The input module 102 accepts navigational inputs entered by a user. The input module 102 includes, for example, an input device such as a keyboard, a keypad, a mouse, a scroll-wheel or a touch sensitive surface. A user enters a navigational input by actuating the input device. The input module 102 outputs detected navigational inputs to the navigation module 104. The user input module 102 may also output additional information, such as the current location of a pointer or a mouse cursor on the display 105.

The navigation module 104 interprets navigational inputs entered by a user and graphically alters the display of content in response thereto.
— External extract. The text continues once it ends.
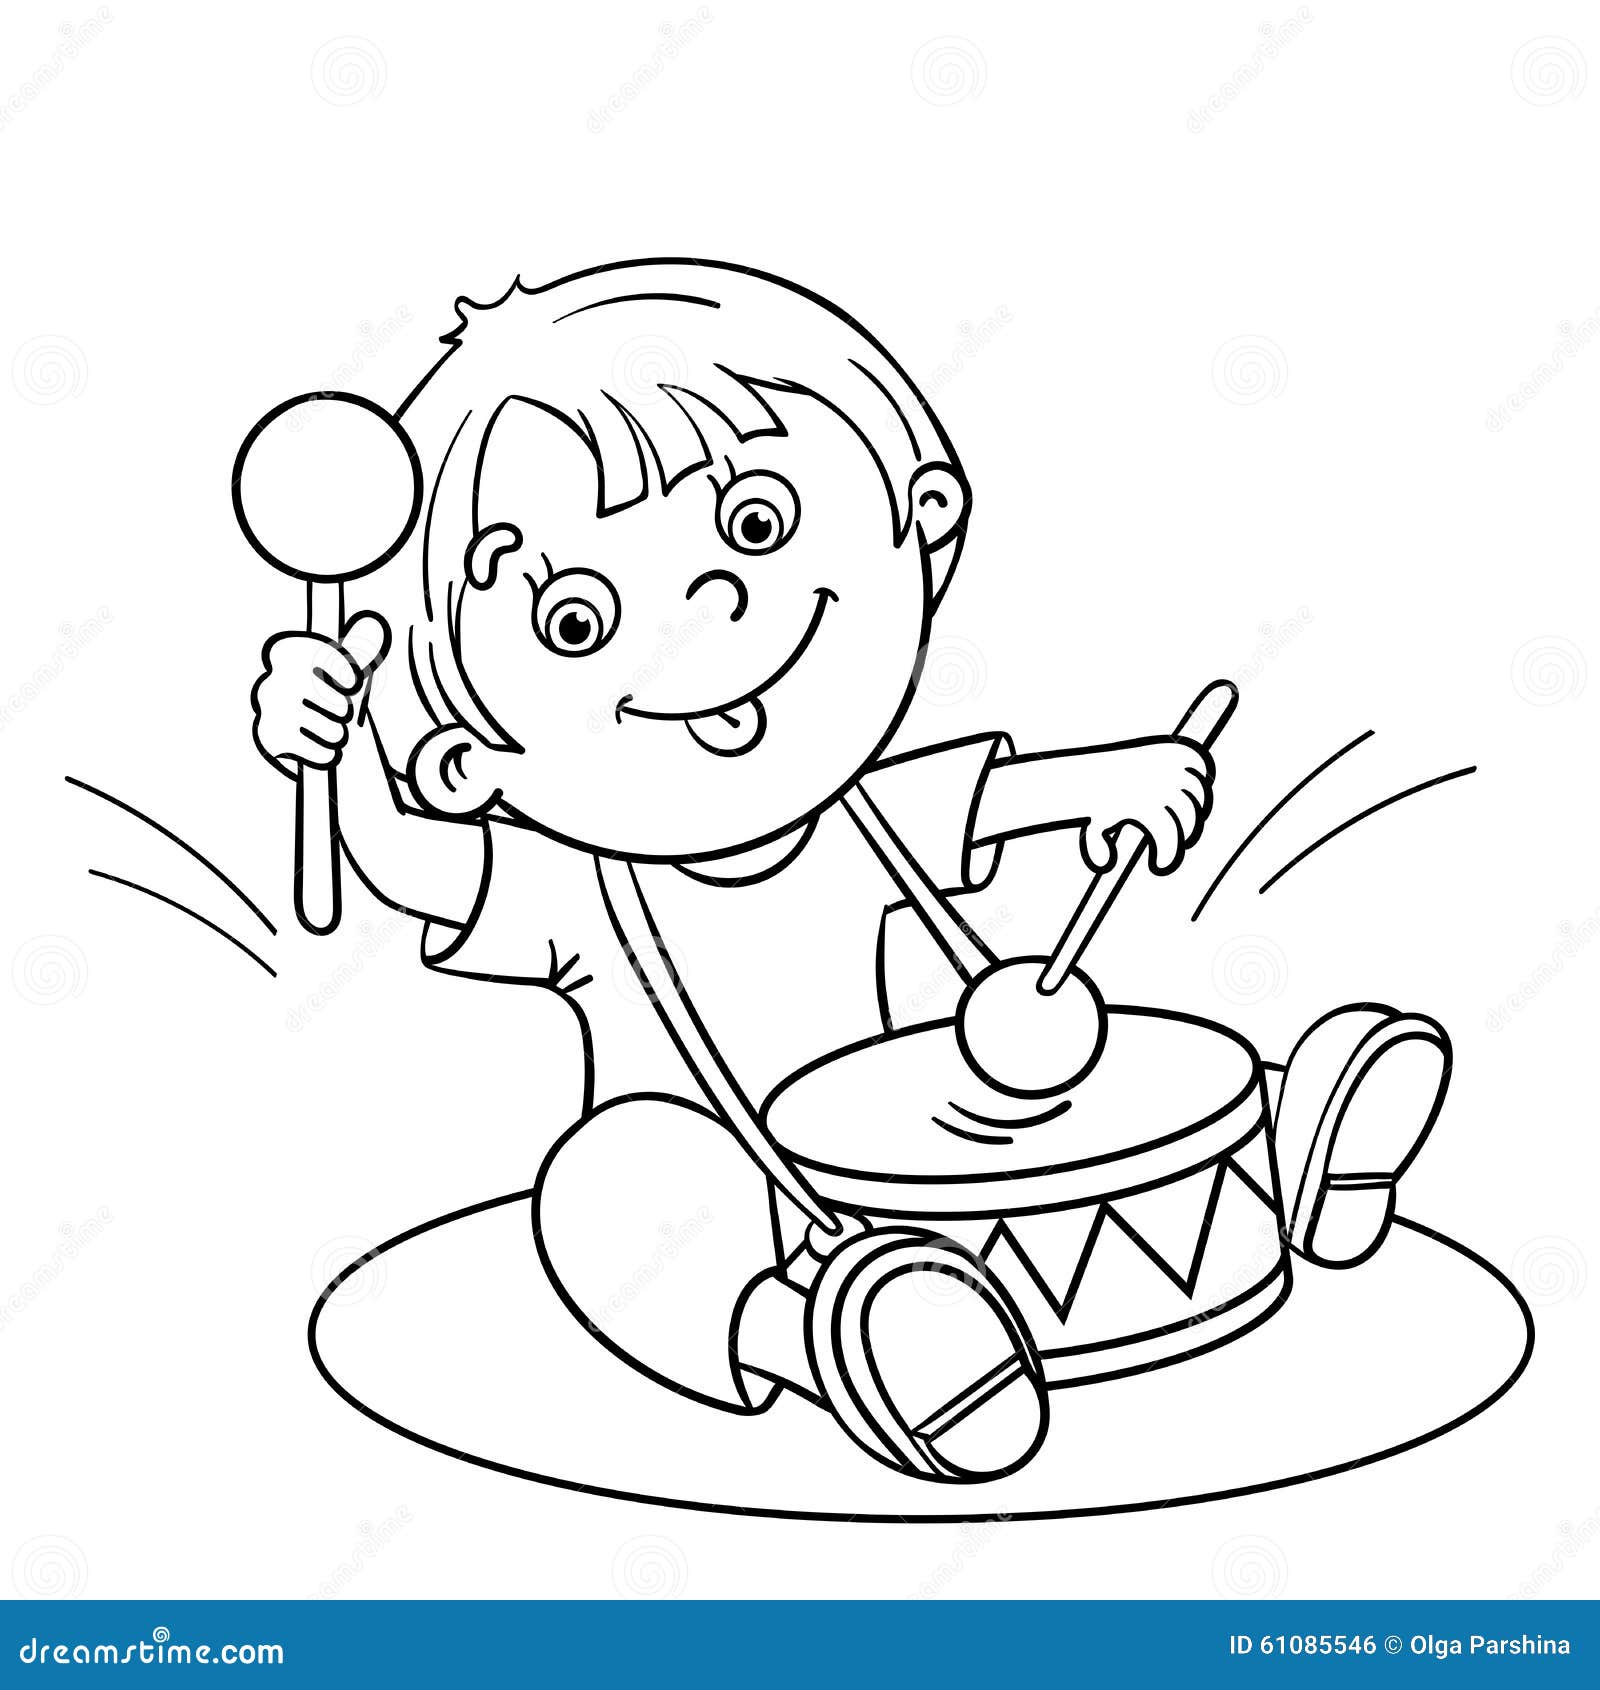 Coloring Page Outline A Cartoon Boy Playing The Drum Illustration Megapixl

The navigation module 104 includes a process module 106, a memory module 108 and a renderer 110. The process module 106 processes the navigational inputs entered by the user (received from the input module 102) and generates one or more virtual pages for presentation to the user via the display 105. Virtual pages represent the arrangement of contents for internal computation purposes within the computing device 100 and may not be visible to the user. For example, a virtual page may represent a desired content arrangement for presentation at a desired instant in time. The process module 106 outputs the virtual pages to the renderer 110. The renderer 110 converts the virtual pages to a format suitable for driving the display 105 to present the content included therein. The memory module 108 stores current virtual page information as well as currently entered navigational inputs entered by the user. The stored virtual page information and the stored navigational inputs may be used for processing future navigational inputs and generating future virtual pages in response to current or future navigational inputs.
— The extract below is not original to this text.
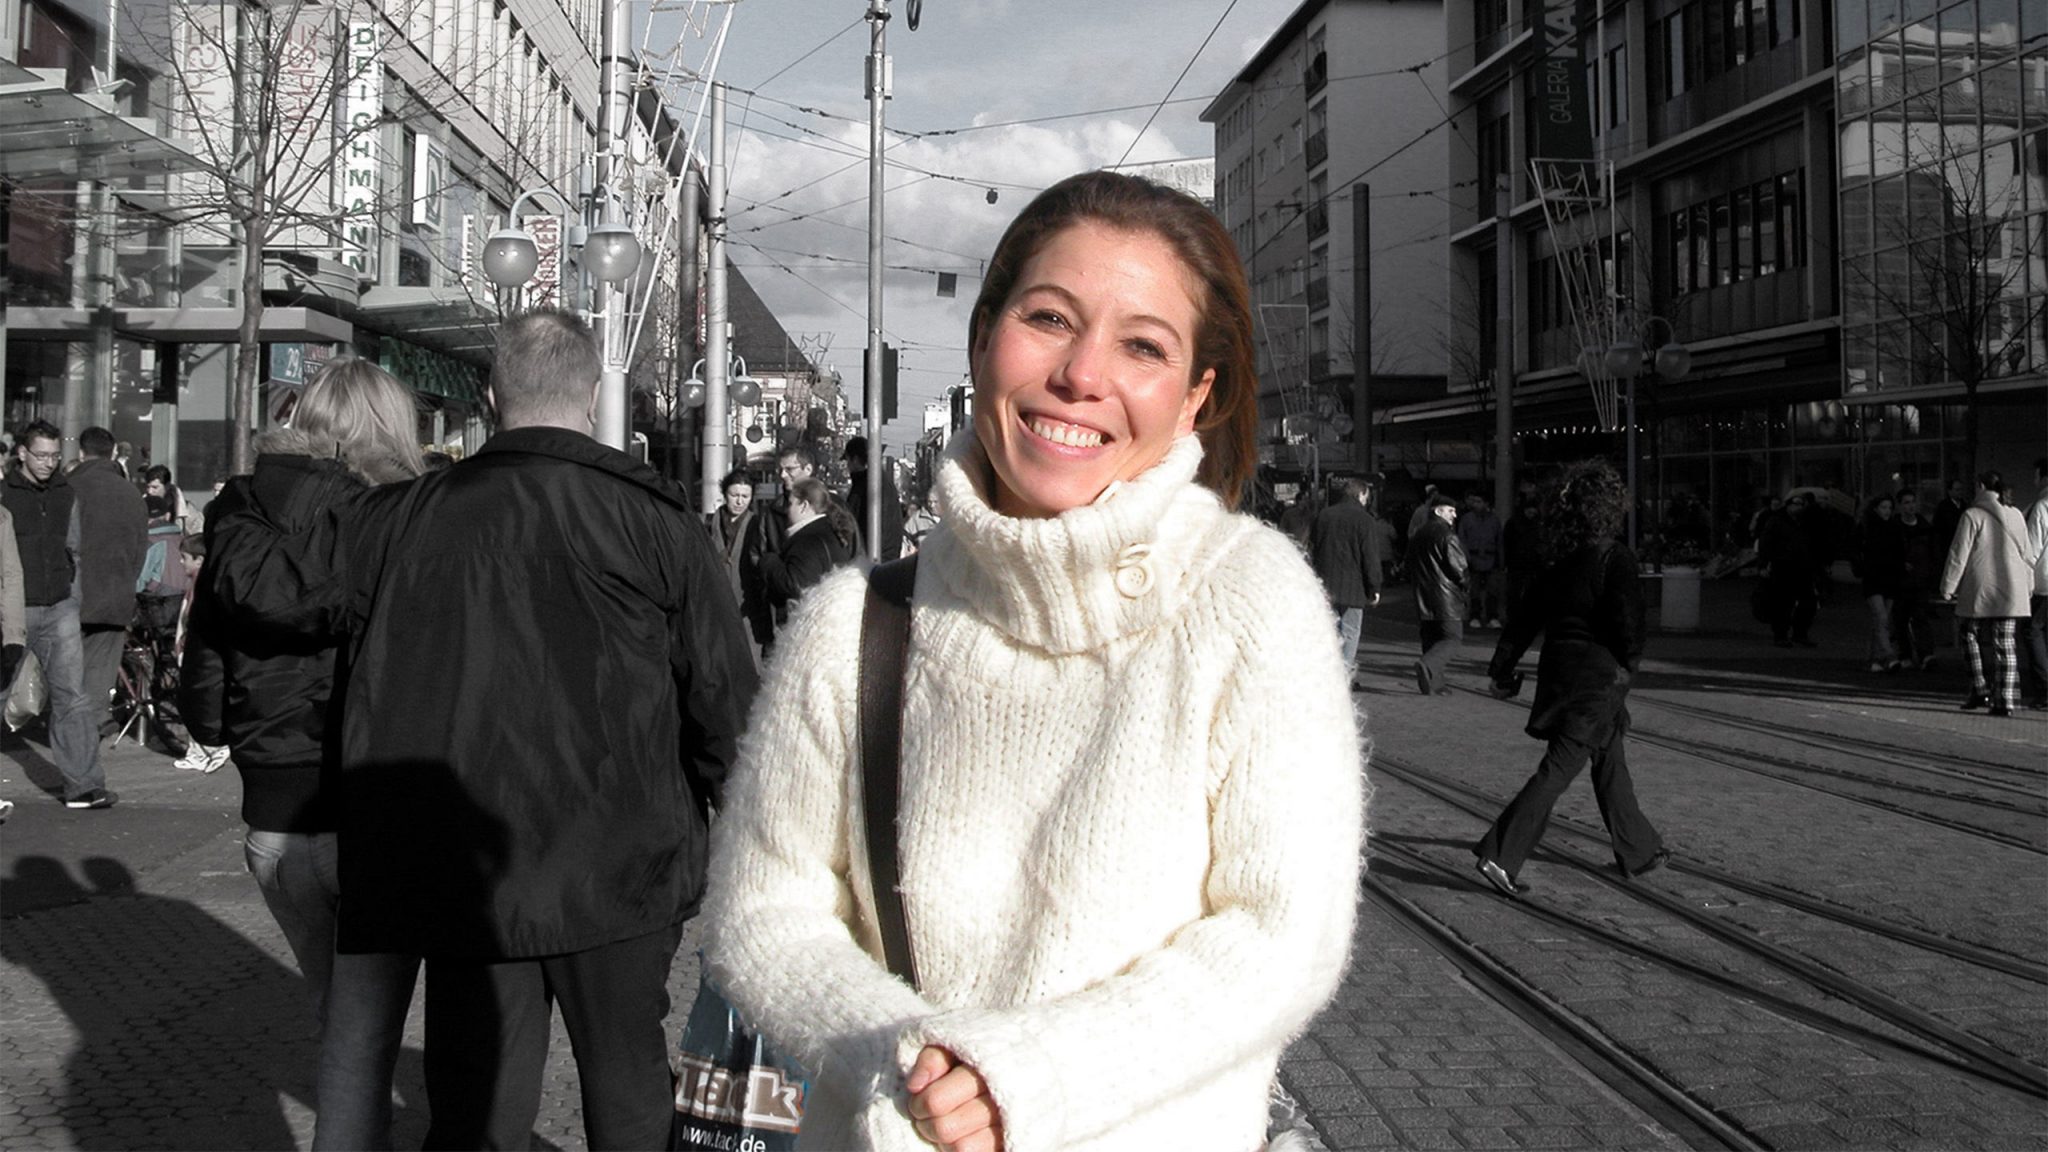 Smiling lady set among busy street of an industrial German City. Used for "InterBe" – a Mental Health Charity publicity

The process module 106 includes a finite state machine (FSM) for governing navigation of the content. An FSM generally includes a plurality of states and one or more transition rules corresponding to each state. The transition rules, if met, result in the FSM switching states. In general, each state in the FSM corresponds to a particular navigation mode. In general, the transition rules in the FSM include a test condition and a corresponding response. A test condition includes a Boolean function. In response to the process module 106 determining that the Boolean finction is true, the process module 106 executes the corresponding response. The test conditions relate to inputs of navigational inputs and the response includes a state change.
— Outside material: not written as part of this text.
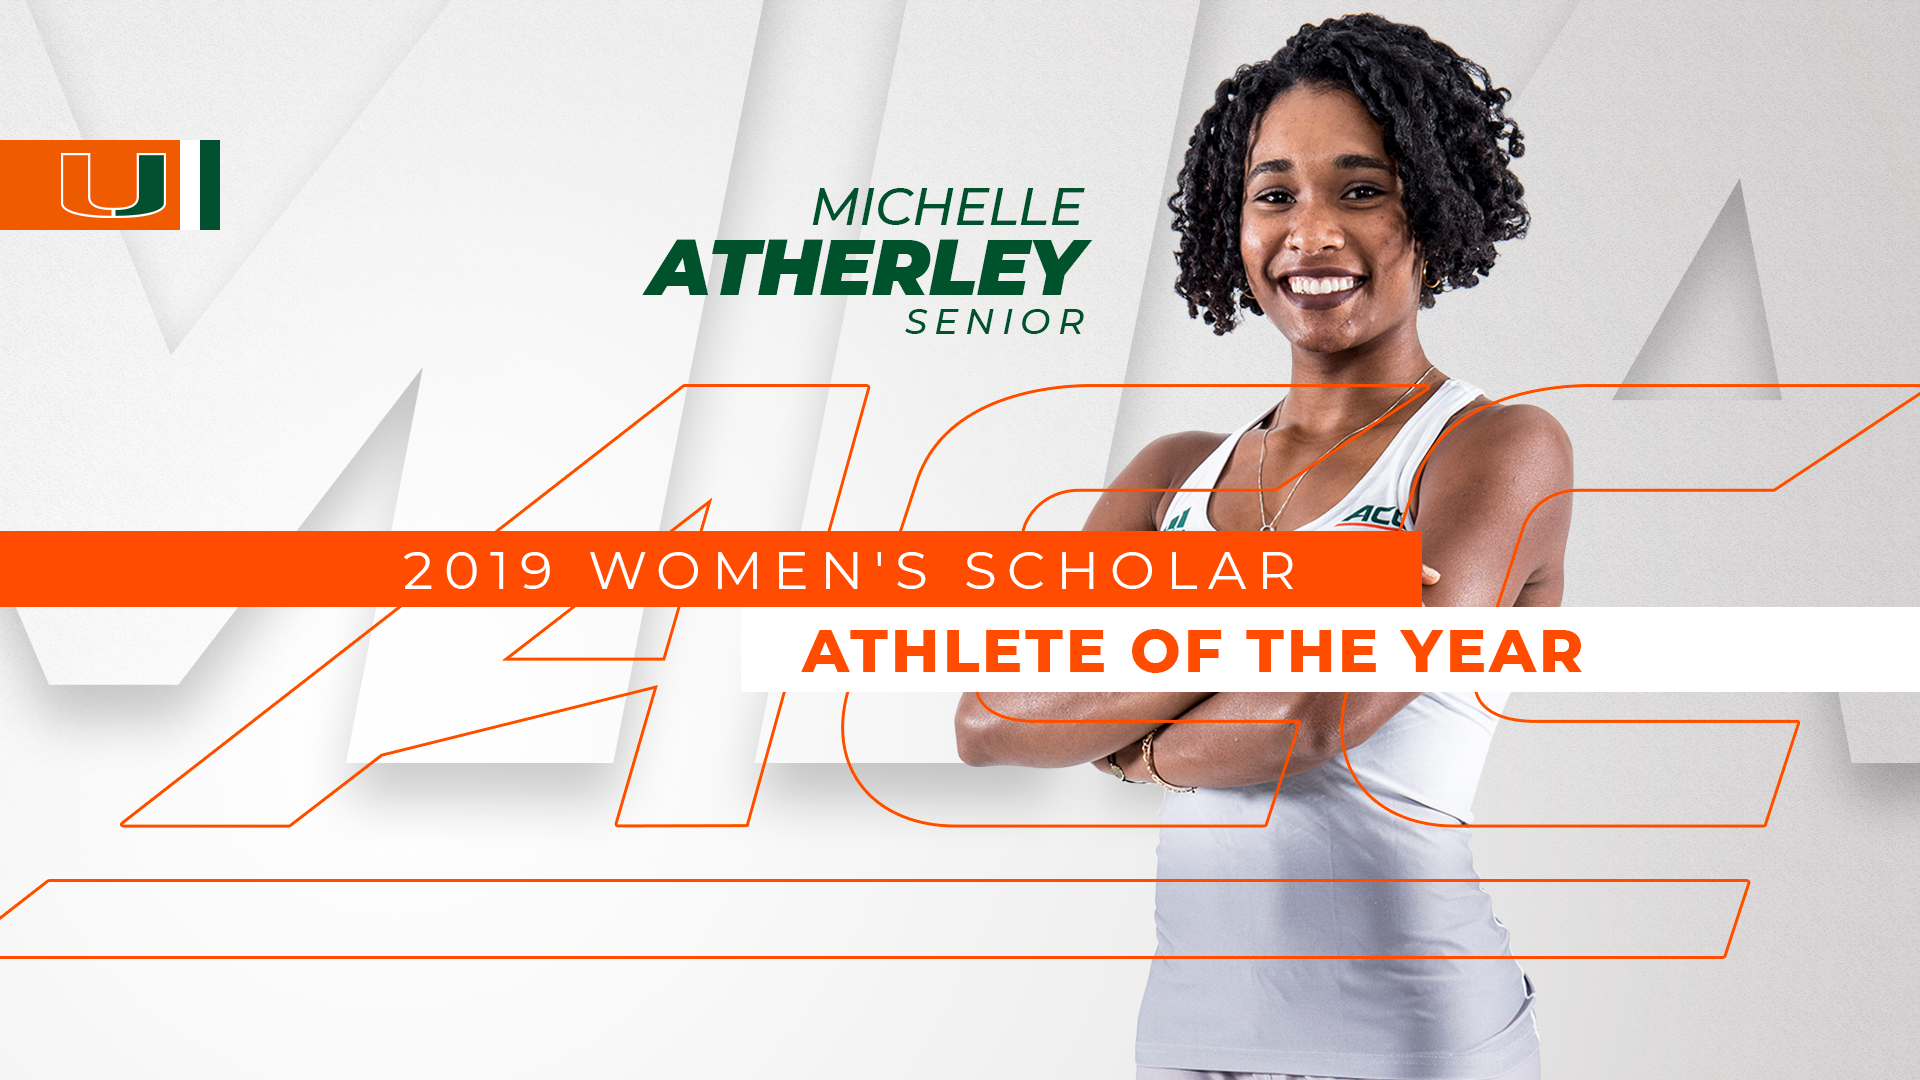 Atherley Named Track & Field Scholar-Athlete of the Year

The process module 106 may include a microprocessor to perform calculations and decide if a transition from one state to another is in order. The process module 106 may include both hardware and software components to implement the FSM and generate virtual pages.

Hardware components typically used to build the process module 106 may include programmable logic devices, programmable logic controllers, logic gates and flip flops or relays. Hardware implementation typically requires a register to store states, a block of combinational logic which determines the test conditions of transition rules, and a second block of combinational logic that determines the responses of transition rules. An FSM may be created and implemented using software tools including, but not limited to, the AT&T FSM Library™ provided by AT&T Labs, New Jersey, U.S.A. An FSM may also be created and implemented using software languages including, but not limited to, C, C++, JAVA, SCXML (State Chart XML). Interactive software modules may also be included in the process module 106 that may assist users with navigation.

In alternative embodiments (not shown in FIG. 1), the computing device 100 may comprise additional modules such as a power supply module and an external interface module. In other embodiments, the computing device 100 may comprise additional modules that are related to the specific application of the device such as a satellite receiver in GPS devices or interactive software programs and telephony in cellphones or audio codecs in MP3 players and cellphones. These additional modules, or others, may be included without departing from the scope of the invention.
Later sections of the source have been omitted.